フィルムがすっぱくなるビネガーシンドロームその3

さて、このビネガーシンドロームは、当然写真用のフィルムにも起きている事で、分母が大きいので一般的に深刻な問題だろうと思われます。
そして一般的ではありませんが、考えようによってはもっと深刻な状況なのは、マイクロフィルム。
図書館に行くと現物を見られますが、さまざまな文書を小さくして保存しておくために、超高密度の写真を撮って保存していたのですね。これがマイクロフィルム。
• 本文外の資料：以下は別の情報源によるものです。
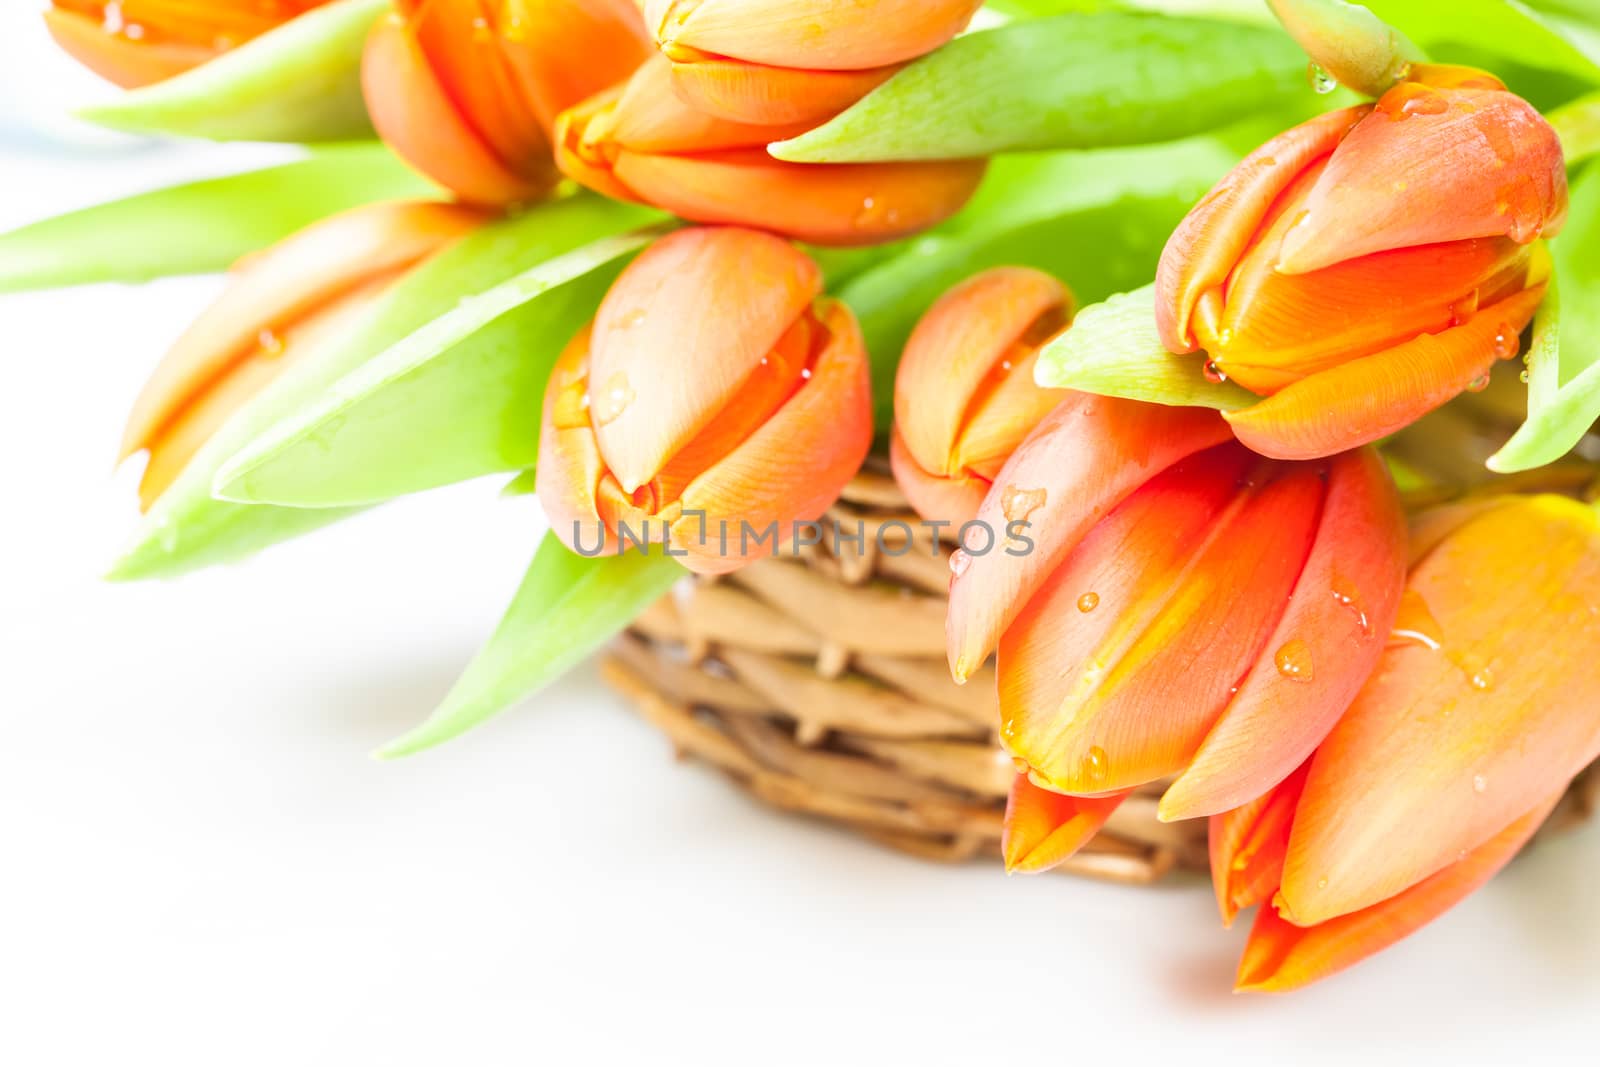 Orange tulips in basket by Slast20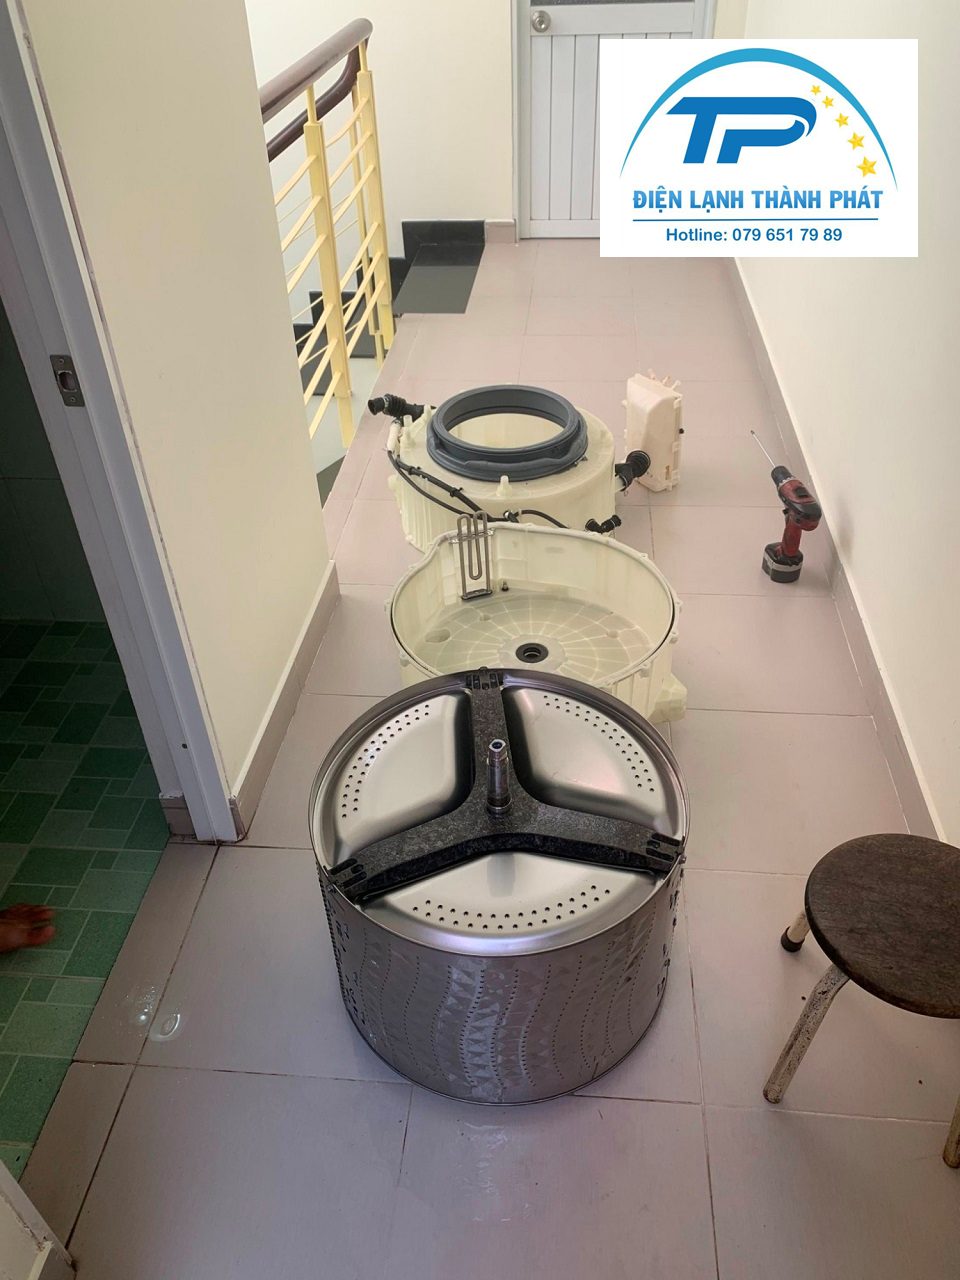 Dịch vụ vệ sinh máy giặt chuyên nghiệp sẽ giúp bạn khắc phục mọi vấn đề của thiết bị.

これらが重要な書類が読めなくなるキケンな事態にさしかかってるのであります。

そのため、より深刻で突っ込んだ議論と分析がされてるようです。

ネットをあさってみると、ビネガーシンドロームをはじめとしたフィルム劣化の傾向と対策をまとめた文章を見つけることが出来ました。
本家本元、コダックのレポートです。

マイクロフィルムの長期保存 劣化とその対策/コダック株式会社
http://www.ndl.go.jp/jp/aboutus/pdf/lecture_no18.pdf

 

他にもマイクロフィルムについてはいくつかありましたが、わかりやすいのを。

文書管理通信
http://www.bunkan.jp/pic/59/index.html

 

小型映画フィルムはどうでしょうか?
映画フィルムの修復及びテレシネの業者株式会社吉岡映像さんでは、作業実績からまとめたものを公開しています。

吉岡映像 小型映画フィルムの修復とテレシネに挑む
http://www.oldfilm-saver.com/challenging.htm

 

しかし、すでに酸っぱくなり始めたフィルムの処置をどうするのか、冷凍保存して劣化を遅らせるとかちらっと言及がありますが、冷凍は怖いのでさておき、具体的に対応可能な方法が見つかりません。

できれば回復したいし、なんとか進行を遅らせることが出来ないだろうかこの21世紀に。もうちょっと探索を続けてみます。